自分の子供が高校生になるまで、いろいろな学校生活の話を聞いてきましたが、子供の発達の
未熟さは、お友達間でも大きな問題になることが分かりました。
学校に上がるとお友達同士で、うまく溶け込めない、仲間に入れてもらえないという問題に
発達するのです。
もう、小学校3年生ぐらいのキャンプに行く前なんかは、1人だけお泊りグループに入れてもらえなかったり、一緒に行動するバディを探せなかったり。3年生の時に、課外活動へついていく役が回ってきて、子供同士の行動を観察していたら、もう、子供間の力関係がすぐ見えました。

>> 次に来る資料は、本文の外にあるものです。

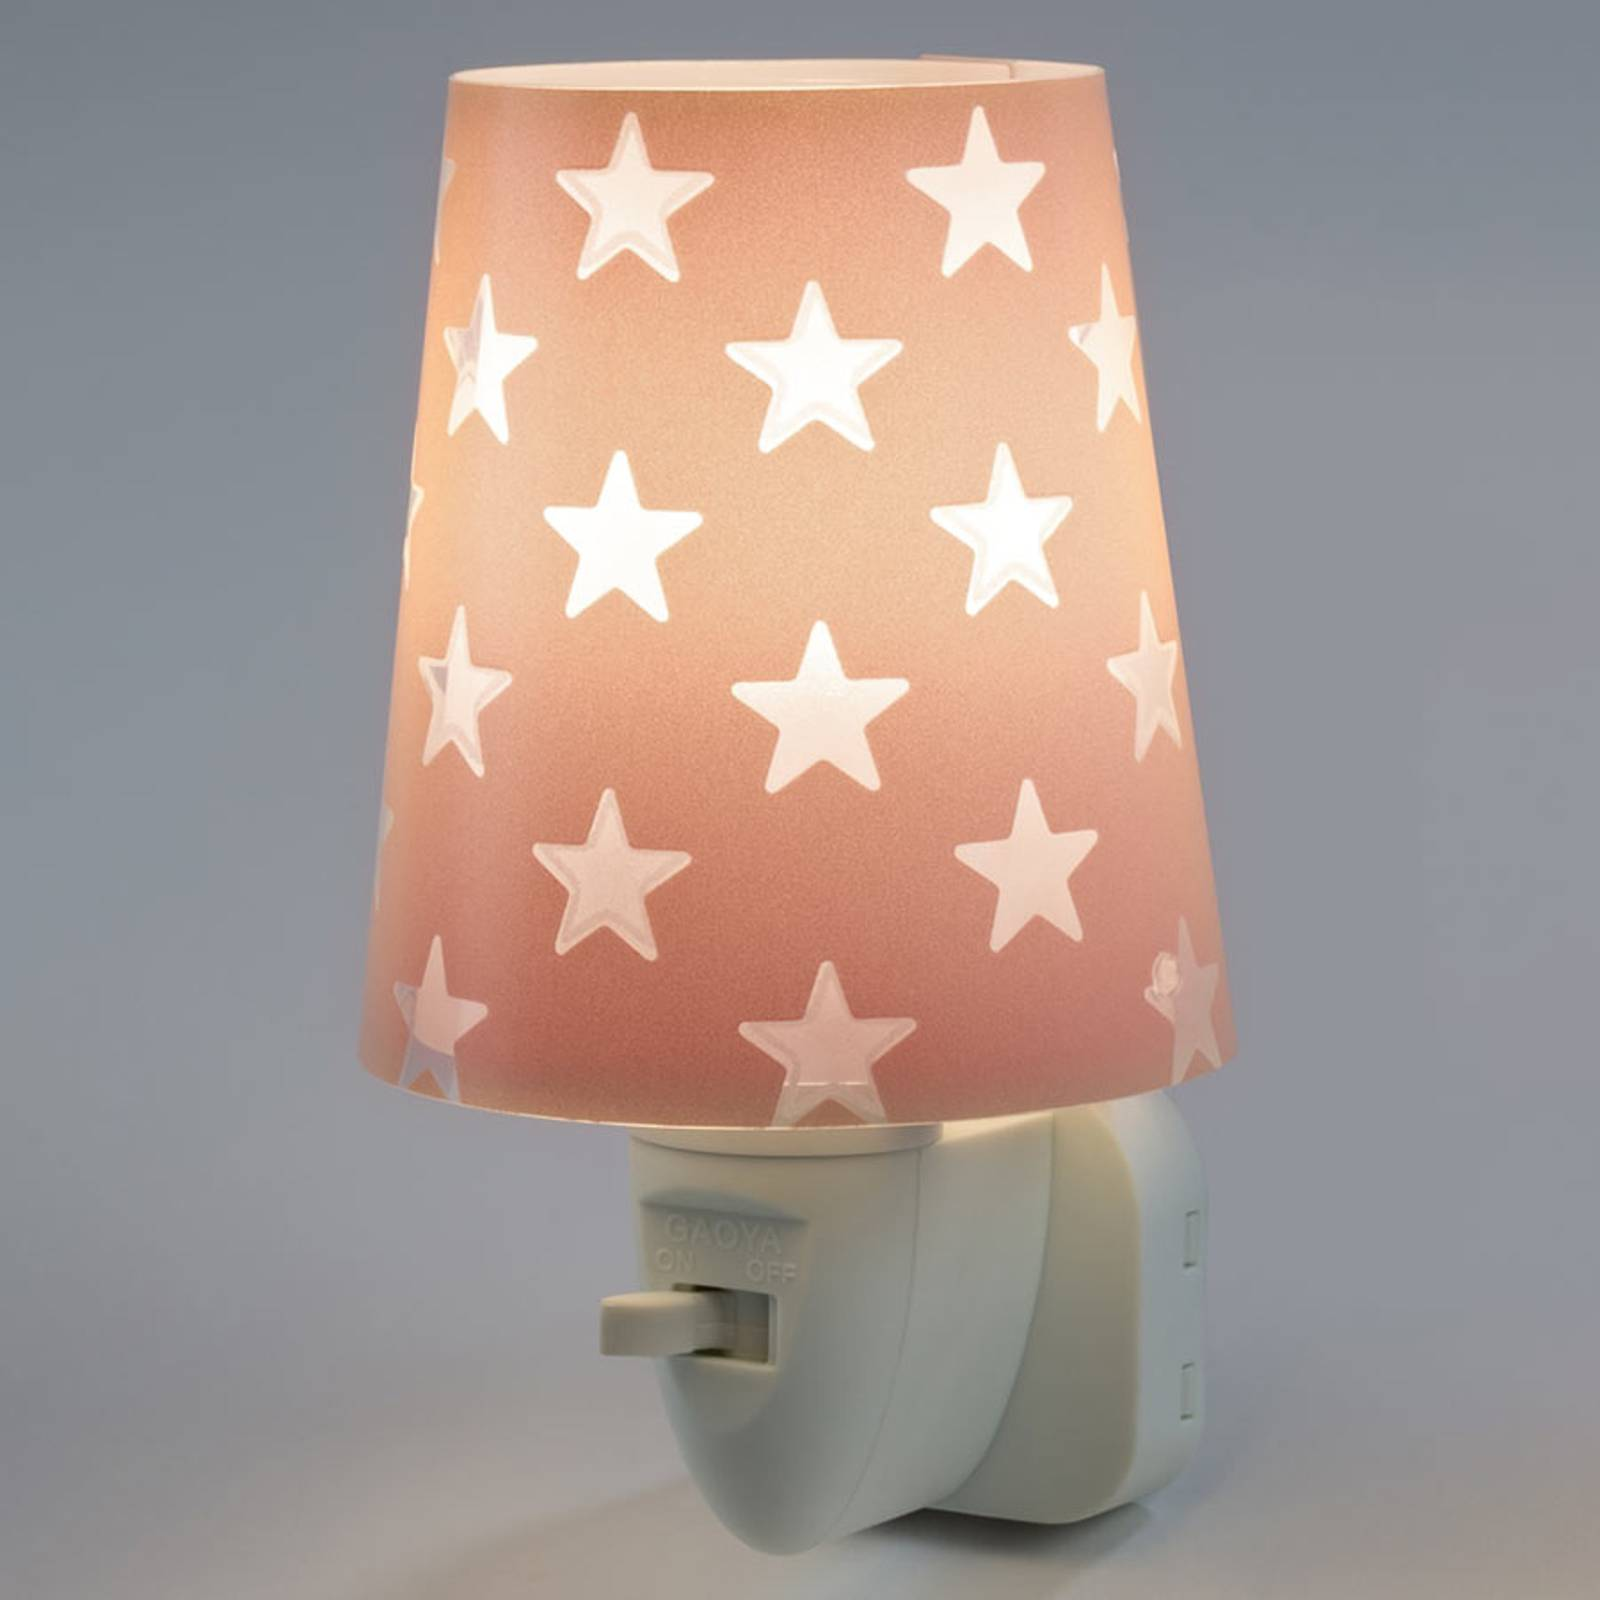 Stars - LED-yövalo, oranssi, kytkin

子供に「OO君、お友達がいなかったみたいだけど..」と聞くと、「OO君は、いつも真面目にしないといけないところでもすぐにふざけて、幼稚だから」とか、手厳しい発言、観察力を語ってきていました。その子もやはり、幼稚園から、他の子供とのGapがあって、ずーっと、高校卒業するまで、卒業してからも、進路が定まらず、独りぼっち感をだしていたのを、バスケットグループの様子を見ていたので、知っています。
今後15年間続く、学校生活について長期で考える
このような数々の実例をみているので、私はセカンドイヤーの話題を持ち出すとき、
真剣に親御さんと相談します。
他のお友達と一緒に、学校へ行かせたいという気持ちも、理解し、尊重しつつ。
でも、親の見栄や、世間体を外して考えて、その子供にとって幼稚園をもう1年やることの
メリットとデメリット。
学校へ上がった場合のメリットとデメリット。
総合的に判断して、一緒に親御さんと悩んで決めます。
OOちゃんが自分の子供だったら…と考えると、判断しやすくなることもあります。
小学校へ上がっても、進級できそうにない発達レベルの子供を、わざわざ、
無理に押し込めるでしょうか?
でも、小学校プレップを含めて7年間行く間、進級できない子は、



「あいつ、馬鹿なんだぜ~」
と残酷なレッテルを子供たちにはられてしまう現実があります。



「プレップをやり直すぐらいなら、もっと強く、幼稚園の先生にその現実を言ってほしかった」という声も、きいたことがあります。
子供にとっても、親にとっても、辛い現実になります。
まとめ
この記事を読んでいる親御さんが、今現在のお子さんの様子だけでなくて、
長期的なスパンで、成長、学習、お友達関係も含めて、
ベストな時期に、正式に学校生活に送ることができるよう、幼稚園の先生や、
オープンに話し合えますように。
親御さんは、”成長のGapはいつか縮まる”と考えていても、
自分の子供同様、他の子供も成長するので
Gapはより一層、広がっていく
ということが、息子の友人仲間を見ていて感じました。